Tapi itu sejalan dengan keterangan polisi. Di KM 50, para anggota laskar masih hidup dan dibawa ke mobil polisi. Mereka baru memberontak setelah mobil berjalan beberapa kilometer.
Dengan kata lain, tidak ada sedikit pun data yang membuat penonton layak curiga dengan penjelasan polisi. Di dalam video ada pernyataan ayah laskar FPI yang menyatakan bahwa anaknya tidak bersalah.
Tapi itu kan hanya pernyataan? Tidak ada bukti baru yang menunjukkan dia tidak bersalah. Ada pendapat Usman Hamid dari Amnesty International yang mengatakan banyak kejanggalan.
Tapi itu pun hanya pernyataan yang sebatas pada opini. Pengadilan kasus KM 50 sudah selesai. Putusan MA merupakan putusan final penyelesaian perkara KM 50. Kasus KM 50 berpotensi diteruskan jika terdapat temuan bukti baru.
Masalahnya, apakah temuan Tempo merupakan temuan bukti baru? Film dokumenter Tempo mengungkap, ada versi-versi yang berbeda dari versi polisi, tentang penembakan 6 anggota FPI itu.

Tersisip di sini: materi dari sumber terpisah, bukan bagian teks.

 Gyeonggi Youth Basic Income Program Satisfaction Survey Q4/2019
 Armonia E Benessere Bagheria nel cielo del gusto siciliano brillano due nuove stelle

Namun, ini bukanlah hal baru. Sejak penyelidikan kasus Kilometer 50 ini, sudah diketahui adanya versi FPI, yang berbeda kontras dari versi polisi. Dalam dokumenter ini, Tempo misalnya juga mencoba melacak jejak linimasa dari telepon seluler milik Muhammad Reza.
Reza adalah pengawal Riziek dan anggota FPI yang tewas dalam kasus Kilometer 50. Menurut pelacakan Tempo, ada jejak linimasa yang terus bergerak dari tanggal 7 sampai 9 Desember 2020, sesudah Muhammad Reza tewas pada 7 Desember.
Tetapi pelacakan Tempo buntu sesampai di lokasi Vila Mega Mendung. Pemilik Vila mengatakan, tidak ada orang yang menginap pada tanggal itu. Jadi, hasil pelacakan Tempo tidak memberi bukti apa-apa. Satu-satunya hal yang diketahui adalah , setelah Reza tewas, telepon selulernya masih digunakan seseorang yang bergerak menuju Mega Mendung.
Siapakah orang itu? Bisa siapa saja. Tidak ada penjelasan yang memuaskan. Artinya tidak ada yang bisa disimpulkan secara tegas dari sana, kecuali sebatas spekulasi dan dugaan-dugaan.
Memang memprihatinkan. Media sebesar Tempo seharusnya bisa menyajikan laporan investigative yang lebih matang. Tapi yang sekarang tersaji, sebenarnya laporan yang masih belum jadi.